A recent protest by Black students at the University of Michigan bringing attention to the racial tension and isolation they face on campus, has prompted the New York Times to examine the difficulties of students of color nationwide at a time when America is supposedly entering a post-racial era after the election of President Obama.
The 12-hour “speak out” in Ann Arbor was sparked by an incident in November when a fraternity promoted a race-themed party that invited “rappers, twerkers, gangsters” and others “back to da hood again.”
There has been a sharp decline in Black student enrollment at Michigan, partly because of a ban on the consideration of race in university admissions. The percentage of Black students dropped from 6.2 percent in 2009 to 4.6 percent in 2013. Ironically the enrollment drop and the sense of isolation has generated a new wave of student activism, according to the Times, including a social media campaign called “Being Black at the University of Michigan” (or, on Twitter, #BBUM). The university’s Black Student Union has petitioned campus administrators to, among other things, increase enrollment of Black students to 10 percent.

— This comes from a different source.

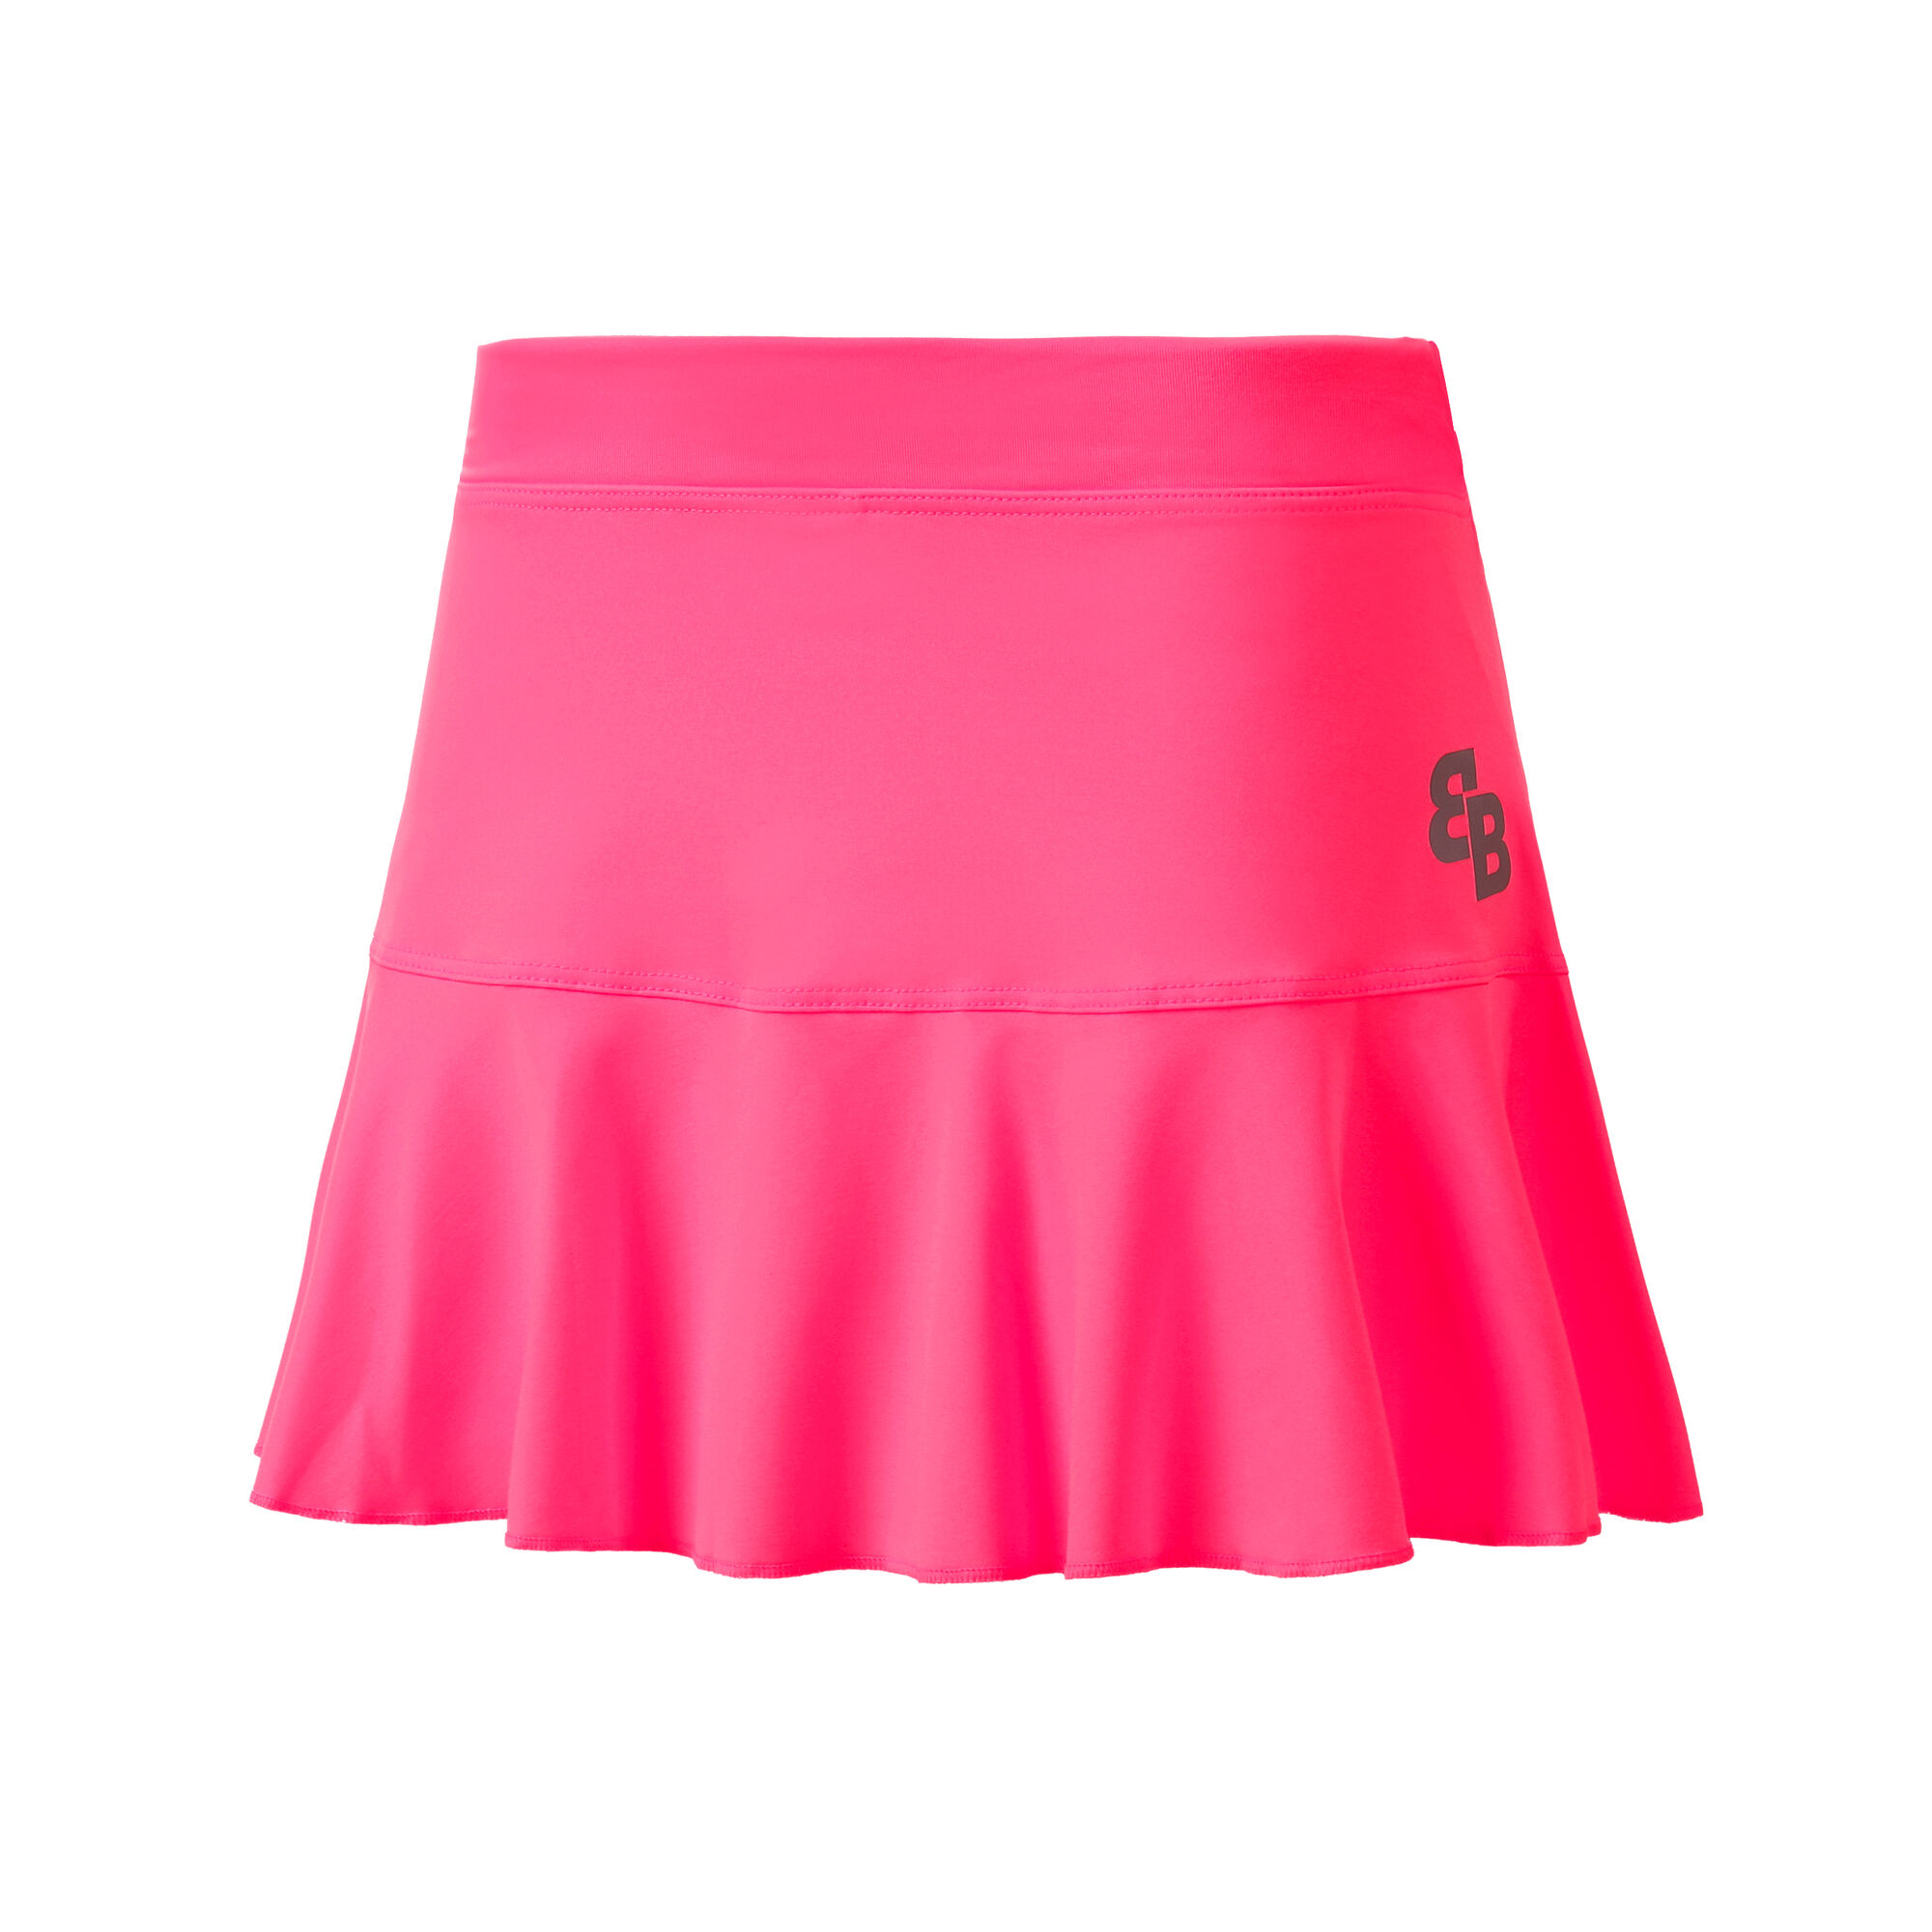 Buy BB by Belen Berbel Basica Skirt Women Pink online | Tennis Point UK

The Times story said similar episodes and tensions have hit campuses such as Arizona State, UCLA, University of Mississippi and Dartmouth.
“In the news media and in popular culture, the notion persists that millennials—born after the overt racial debates and divisions that shaped their parents’ lives—are growing up in a colorblind society in which interracial friendships and marriages are commonplace and racism is largely a relic,” the story said. “But interviews with dozens of students, professors and administrators at the University of Michigan and elsewhere indicate that the reality is far more complicated, and that racial tensions are playing out in new ways among young adults.”
“There’s this preconceived notion that our generation is postracial, but there’s these incidents that happen constantly that disprove that point,” said Zach Fields, a business major at Michigan, who is white and who attributed many high-profile incidents — including a number of fraternity parties nationwide that have used racist symbols, such as watermelons and gang signs — to ignorance.
“I feel like they don’t mean to be so offensive,” said Fields, 20. “It’s not a conscious racism. It’s subconscious.”
Tyrell Collier, 21, the speaker of the Black Student Union and a sociology and Afro-American and African studies major, told the Times that racial tensions on campus had been mounting for months.
“There was a very tense climate brewing all semester, and I think the party was just the peak,” he said, adding that Black groups on campuses around the country had reached out to the Michigan students.
“We’re clearly not postracial,” said Tiya A. Miles, chairwoman of the department of Afro-American and African studies. “Sometimes I wonder if having a Black president lets people feel like that gives them cover. It absolves people of being prejudiced.”
The statistics seem to back up the claim that there has been a rise in racist incidents: Complaints related to race and ethnicity filed against colleges and universities rose to 860 in 2013 from 555 in 2009, according to the Office for Civil Rights at the federal Education Department.
While Michigan residents in 2006 passed Proposition 2, prohibiting affirmative action based on race or ethnicity in admissions and hiring at public institutions, some students feel Michigan could still do more to recruit high-achieving Black students.
“I think there is no question that Prop 2 has made it much more challenging for us,” Martha E. Pollack, the university provost and executive vice president for academic affairs, said of the affirmative action vote. “It was difficult to be the kind of community that we wanted to be even when we could use affirmative action.”
“That sort of point is a little insulting to me,” Collier told the NPR station in Michigan, “because there are students out there who are capable of attending the University of Michigan. I think those students are just not being reached.”